Hammond set to reveal budget cash to pave way for first new grammar schools since the 1960s
The selective schools are a focus for the British Prime Minister Theresa May.
Teaching groups and the opposition have criticised the prime minister's plan to usher in a new generation of grammar schools.
Chancellor Philip Hammond will announce in his Budget on Wednesday (8 March) how £320m ($391m) as part of a £500m pot for education reforms, will be made available to expand the government's free school programme.
This would create 70,000 places in 140 new schools, which pending new legislation, will in the future be able to select students on academic merit. Free public transport to grammar schools would be offered to poorer children.

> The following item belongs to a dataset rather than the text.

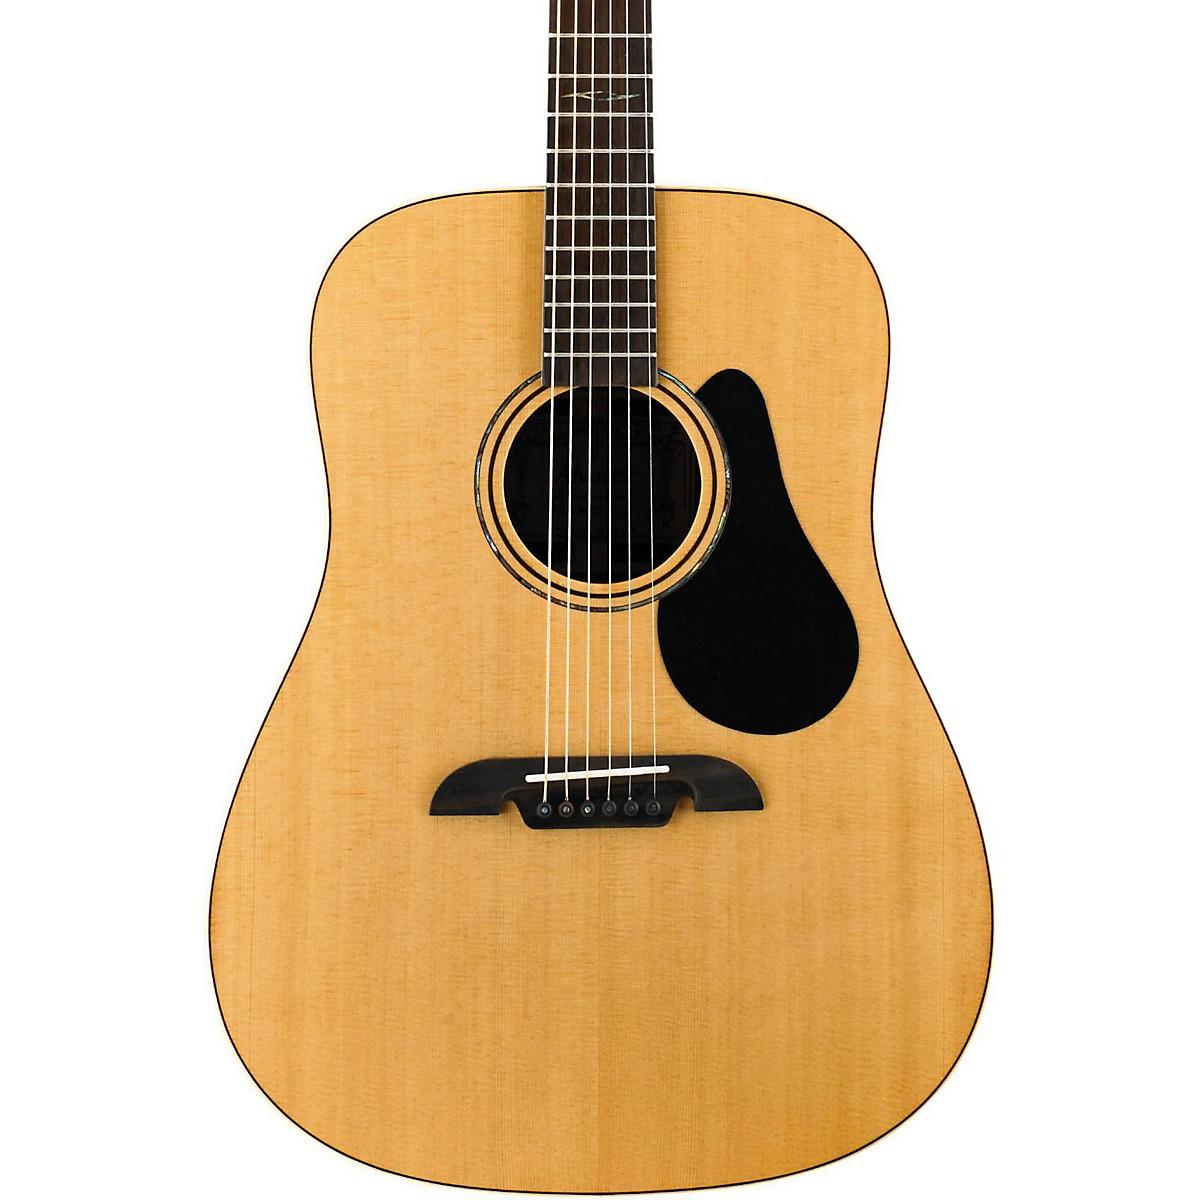 Alvarez Masterworks Series MD70 Dreadnought Acoustic Guitar

This means that the schools, 30 of which would be built by 2020, could be first state-funded selective secondary schools for decades, a key priority for British Prime Minister Theresa May.
"Over the last six years we have overseen a revolution in our schools system and raised standards and opportunity - but there is much more to do. Today we are confirming new investment to give parents a greater choice of a good school place for their child," she said.
But the government faces criticism over why money was not given to existing state schools, which would, theoretically, have to endure bigger class sizes and fewer teachers.
Liberal Democrat education spokesman John Pugh said: "The government are planning to use this scheme as a ruse - reintroducing grammar schools through the back door", in comments reported by The Mirror.
General secretary of the Association of Teachers and Lecturers Mary Bousted said the spending pledges were not enough in light of schools having to make £3bn of savings by 2020. She said that "funding the expansion of selective education is a mistake that will result in a small minority benefiting at the expense of the vast majority of the country's young people", the Guardian reported.
Labour's education spokesperson Angela Raynor said the move would not ease the shortage of school places, saying "This is now throwing more good money after bad".
Hammond will also announce that a further £210m would go on refurbishing existing state school and that the core schools budget of £40bn a year would remain the same.